Defense

September 17, 2012

Panetta addresses Osprey, territory disputes in Japan visit

On a day that he began in Japan and is finishing in China, Defense Secretary Leon E. Panetta responded to questions on the U.S. deployment of V-22 Osprey tilt-rotor aircraft to Okinawa and the ongoing dispute between China and Japan over the Senkaku Islands.

The Osprey has been a controversial topic since the aircraft was first shipped to Japan in July, and thousands of Japanese have in recent weeks protested the aircraft’s use there. Panetta said Sept. 17 during a news conference with Japanese Defense Minister Satoshi Morimoto that the two countries have established a joint committee to resolve any questions about the Osprey’s safety.

The committee has made “very positive progress,” the secretary said. “What we will do is rely on their agreement … to proceed,” he added.

Panetta said he and other defense leaders will “do everything possible to try to assure the people involved here that the operations are safe.” He added he looks forward to moving forward with Osprey operations on Okinawa soon.

During the news conference and while visiting troops at Yokota Air Base, Panetta responded to questions about the dispute over the Senkaku Islands – known in China as the Diaoyu Islands. Reports from China say anti-Japanese protests involving the issue have broken out in several major cities in recent days.

The United States, in all cases of disputed territory involving Pacific waters, urges “calm and restraint on all sides,” the secretary said.

“United States policy with regards to these islands is well known, and obviously, we stand by our treaty obligations,” Panetta said. “But the United States, as a matter of policy, does not take a position with regards to competing sovereignty claims.”

It’s important that both sides in any dispute pursue diplomatic means to resolve differences, he added.

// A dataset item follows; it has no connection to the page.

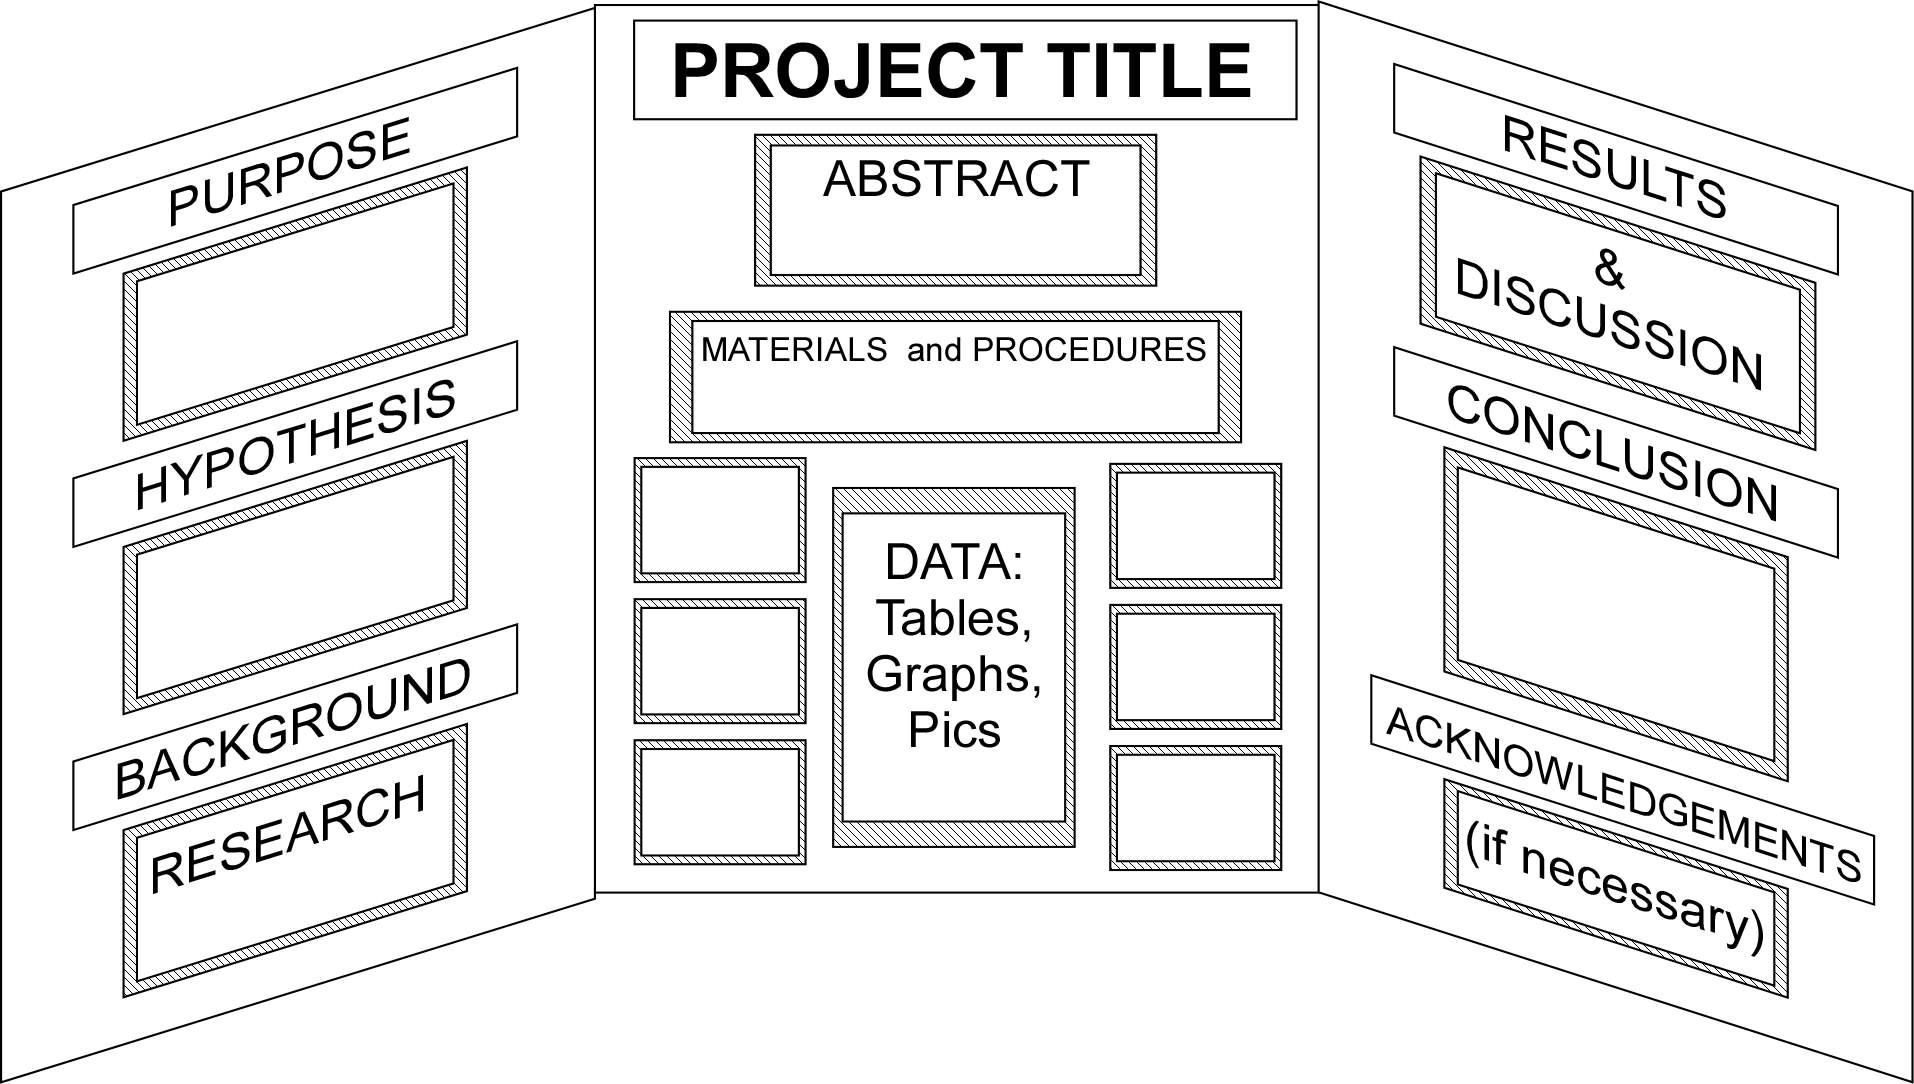 Pinsara Johnson On Science Fair Project Ideas   Science Fair - Free Printable Science Fair Project Board Labels
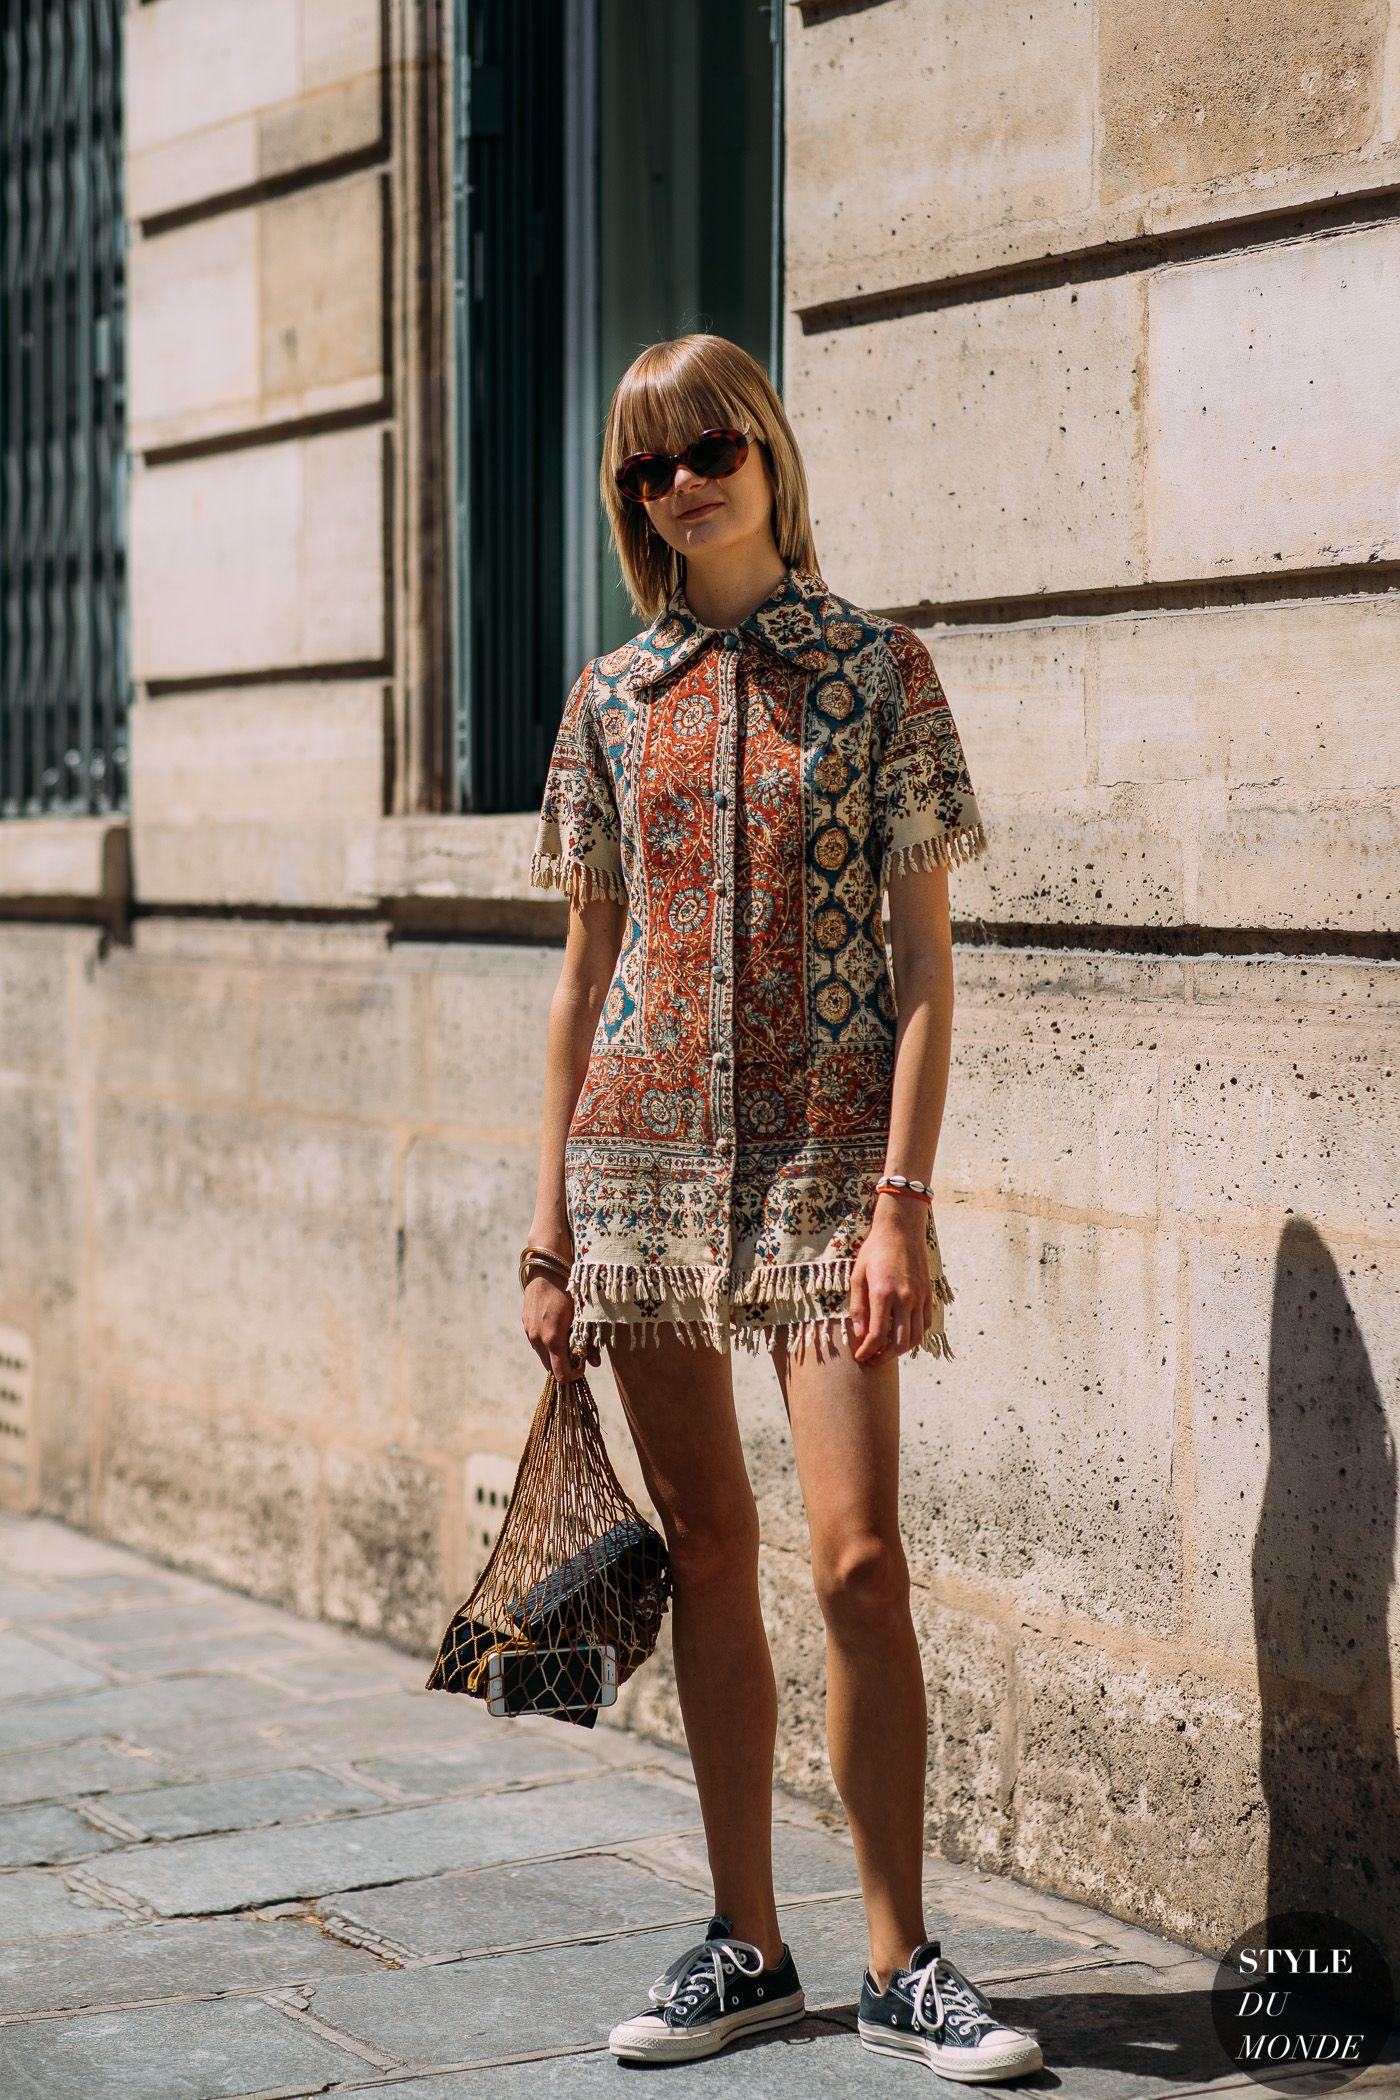 Haute Couture Fall / Winter 2018/19 Street Style: Caroline Schurch - STYLE DU MONDE | Street Style Street Fashion Photos Caroline Schurch #bohostreetstyle

“These approaches have to based on clear principles – principles that relate to international rules and regulations and that have been consistently enunciated,” he said at the news conference. “It is in everybody’s interest for Japan and China to maintain good relations and to find a way to avoid further escalation.”

Later, Panetta expanded on this theme in response to a service member’s question during his talk with troops at Yokota Air Base immediately before he left for Beijing.

“The reason this is happening is because a lot of these countries look to these islands, look to the resources that are out there, look to offshore drilling, look to energy resources,” he said. “And so it’s going to become more competitive between countries as they face this issue.”

The U.S. stance, the secretary repeated, is to urge competing claimants to develop a process that will help them resolve such claims peacefully and according to international norms. The Association of Southeast Asian Nations has developed a code of conduct that can help to guide that development, he added.

“There is a danger that through provocation of one kind or another, we could have a blowup in any one of these issues,” he said. “And so it is the responsibility of those countries involved to try to resolve these issues peacefully.”